__Task directions__: Begin at the line containing "Театр Чехова перестанет" in the entries below and end at the line containing "Schwarzer × selekkt, Glas"; transcribe that range exactly and nothing outside it.

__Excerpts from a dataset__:

____

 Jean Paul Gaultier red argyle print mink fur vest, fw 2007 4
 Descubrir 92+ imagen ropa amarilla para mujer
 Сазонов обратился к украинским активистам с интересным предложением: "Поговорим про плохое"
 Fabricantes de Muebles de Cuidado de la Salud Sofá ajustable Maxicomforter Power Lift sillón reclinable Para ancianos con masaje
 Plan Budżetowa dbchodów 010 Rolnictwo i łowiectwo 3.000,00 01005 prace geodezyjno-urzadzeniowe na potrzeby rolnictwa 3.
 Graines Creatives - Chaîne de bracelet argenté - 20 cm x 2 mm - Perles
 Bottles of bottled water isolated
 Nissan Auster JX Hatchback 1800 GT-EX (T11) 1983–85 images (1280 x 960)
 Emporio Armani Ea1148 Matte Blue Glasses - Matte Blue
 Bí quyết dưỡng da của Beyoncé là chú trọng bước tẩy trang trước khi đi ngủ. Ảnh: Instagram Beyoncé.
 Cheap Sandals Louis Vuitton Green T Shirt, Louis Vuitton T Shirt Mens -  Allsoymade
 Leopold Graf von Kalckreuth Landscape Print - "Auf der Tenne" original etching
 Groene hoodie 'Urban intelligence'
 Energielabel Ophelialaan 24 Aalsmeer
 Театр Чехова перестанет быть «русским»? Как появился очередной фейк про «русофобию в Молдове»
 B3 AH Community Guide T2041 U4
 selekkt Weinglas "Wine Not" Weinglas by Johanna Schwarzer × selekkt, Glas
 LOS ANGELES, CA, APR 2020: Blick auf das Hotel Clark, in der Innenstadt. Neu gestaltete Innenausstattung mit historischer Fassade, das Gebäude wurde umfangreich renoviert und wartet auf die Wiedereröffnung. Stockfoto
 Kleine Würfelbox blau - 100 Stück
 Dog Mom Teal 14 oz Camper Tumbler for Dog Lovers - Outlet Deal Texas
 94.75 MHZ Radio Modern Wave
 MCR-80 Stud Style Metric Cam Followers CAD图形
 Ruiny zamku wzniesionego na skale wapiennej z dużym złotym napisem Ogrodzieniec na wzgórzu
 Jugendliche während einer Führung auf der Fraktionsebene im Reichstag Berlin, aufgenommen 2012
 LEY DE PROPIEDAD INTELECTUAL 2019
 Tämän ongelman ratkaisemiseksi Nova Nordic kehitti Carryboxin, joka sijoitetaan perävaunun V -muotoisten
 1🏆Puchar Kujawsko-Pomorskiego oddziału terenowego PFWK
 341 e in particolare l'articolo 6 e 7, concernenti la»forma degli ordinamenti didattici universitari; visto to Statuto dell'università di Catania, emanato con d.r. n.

____

__Exercise response__:
 Театр Чехова перестанет быть «русским»? Как появился очередной фейк про «русофобию в Молдове»
 B3 AH Community Guide T2041 U4
 selekkt Weinglas "Wine Not" Weinglas by Johanna Schwarzer × selekkt, Glas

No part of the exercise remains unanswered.